= Instructions to follow =
Among the entries that follow, locate the line with "Renault Arkana ortaya" and the line with "100% Cotton Camo". Output those lines and all lines in between, exactly, minus the pictures.

= Material for this task =
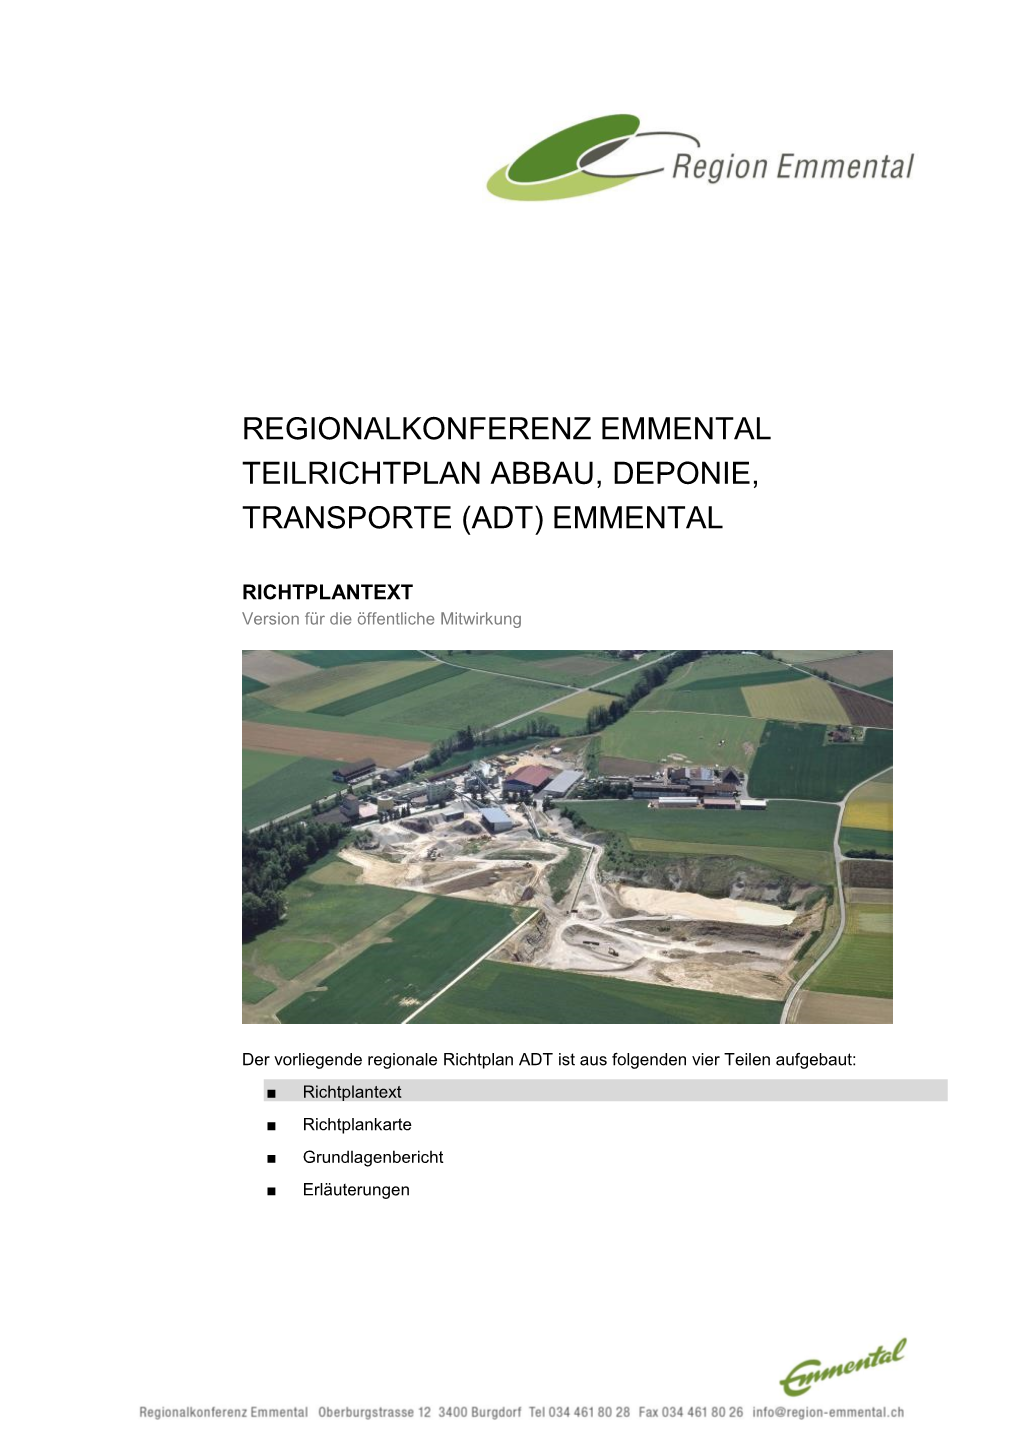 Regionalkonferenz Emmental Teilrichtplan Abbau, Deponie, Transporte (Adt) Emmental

...

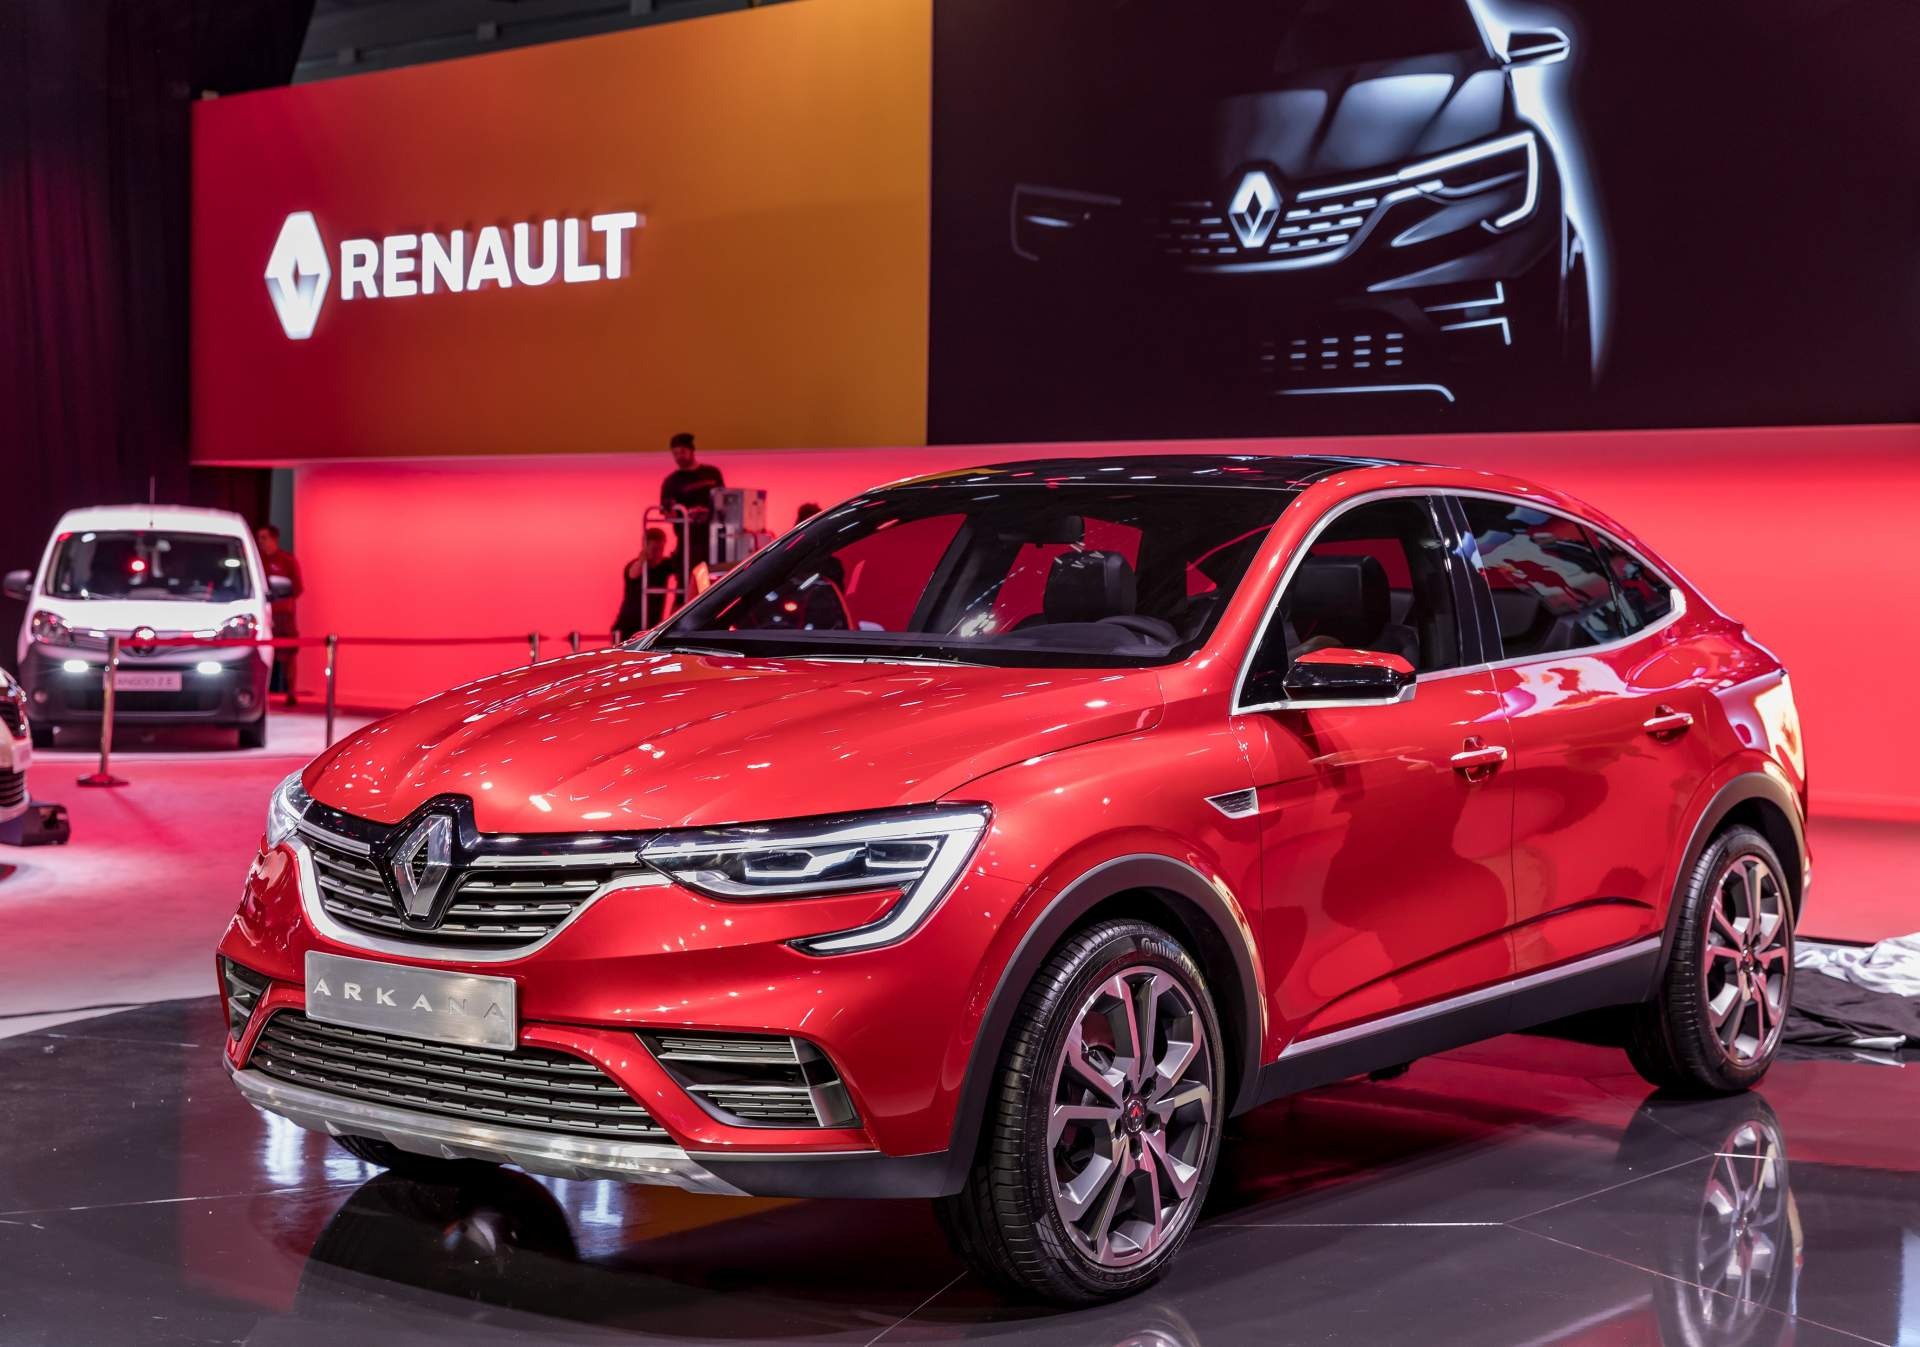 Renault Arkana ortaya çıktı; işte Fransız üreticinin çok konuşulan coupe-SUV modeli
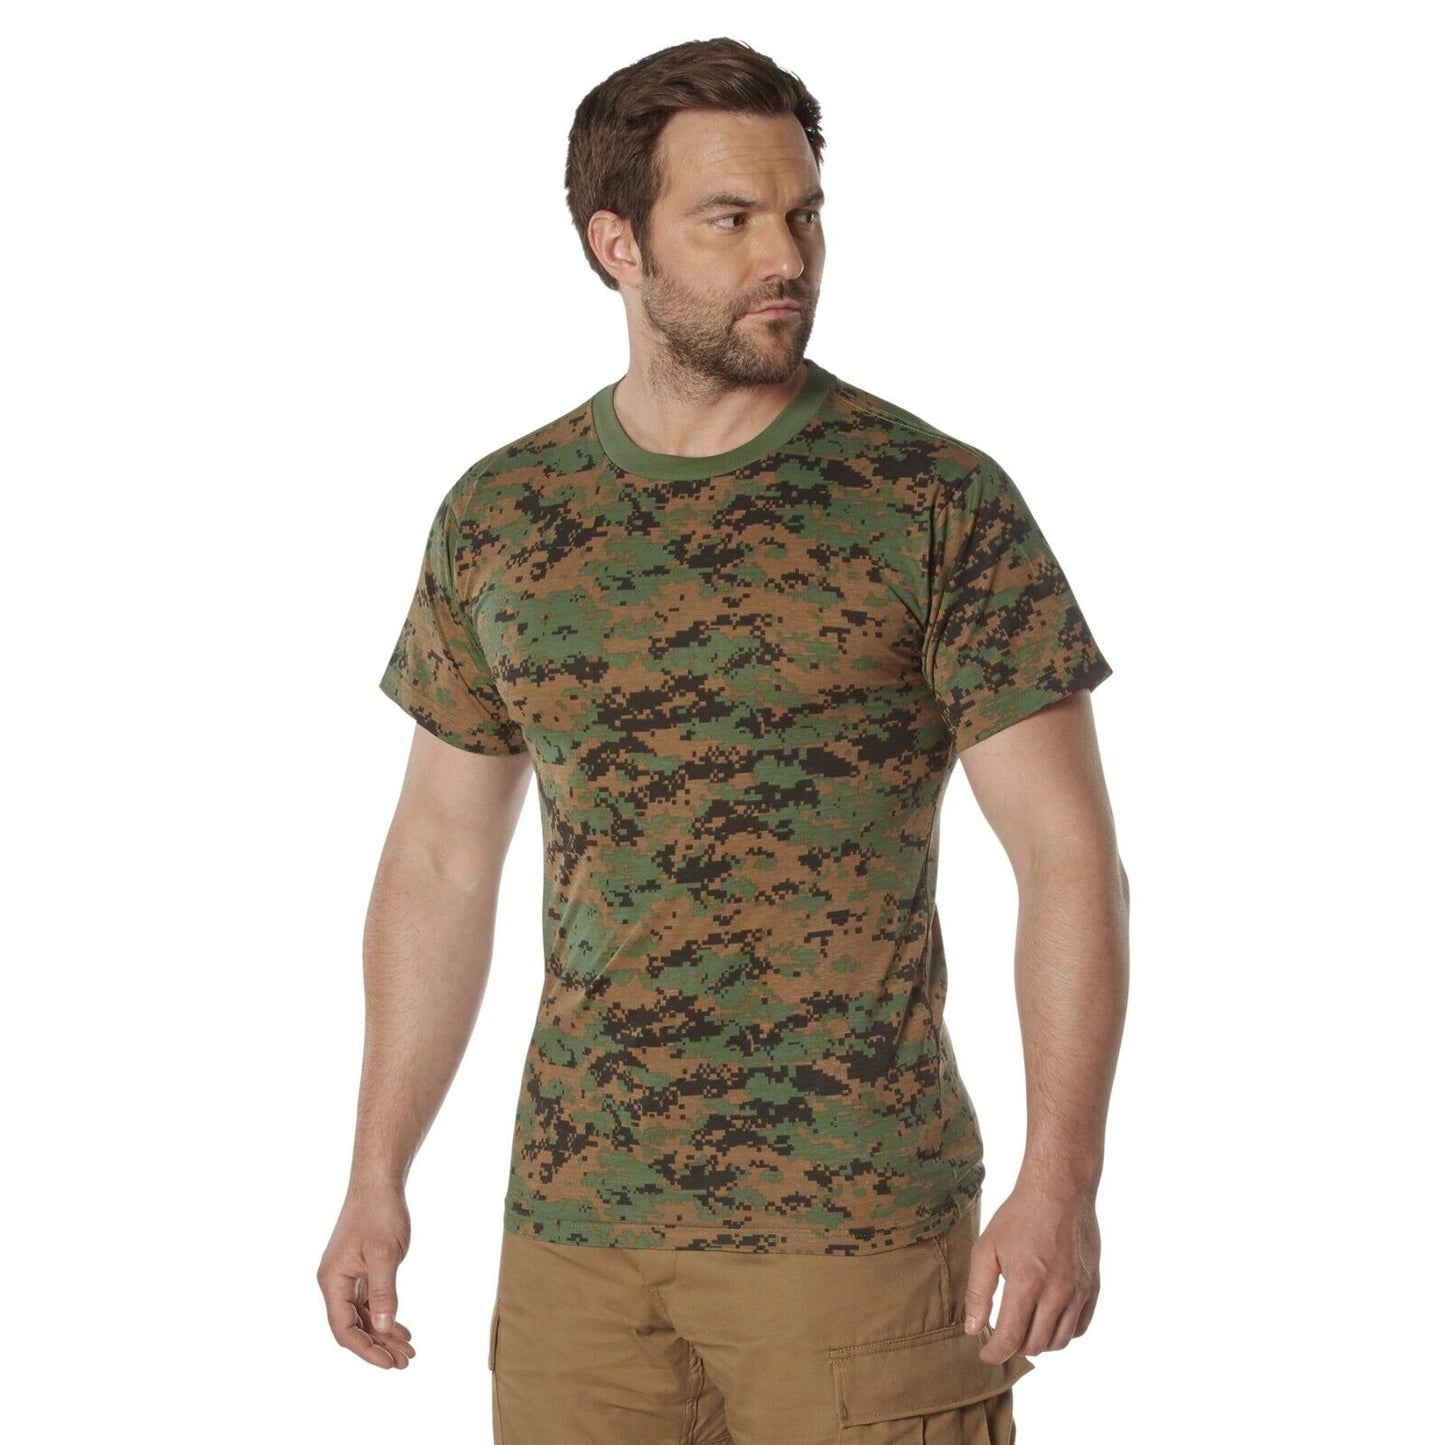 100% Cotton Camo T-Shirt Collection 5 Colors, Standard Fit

= Reply =
 Renault Arkana ortaya çıktı; işte Fransız üreticinin çok konuşulan coupe-SUV modeli
 100% Cotton Camo T-Shirt Collection 5 Colors, Standard Fit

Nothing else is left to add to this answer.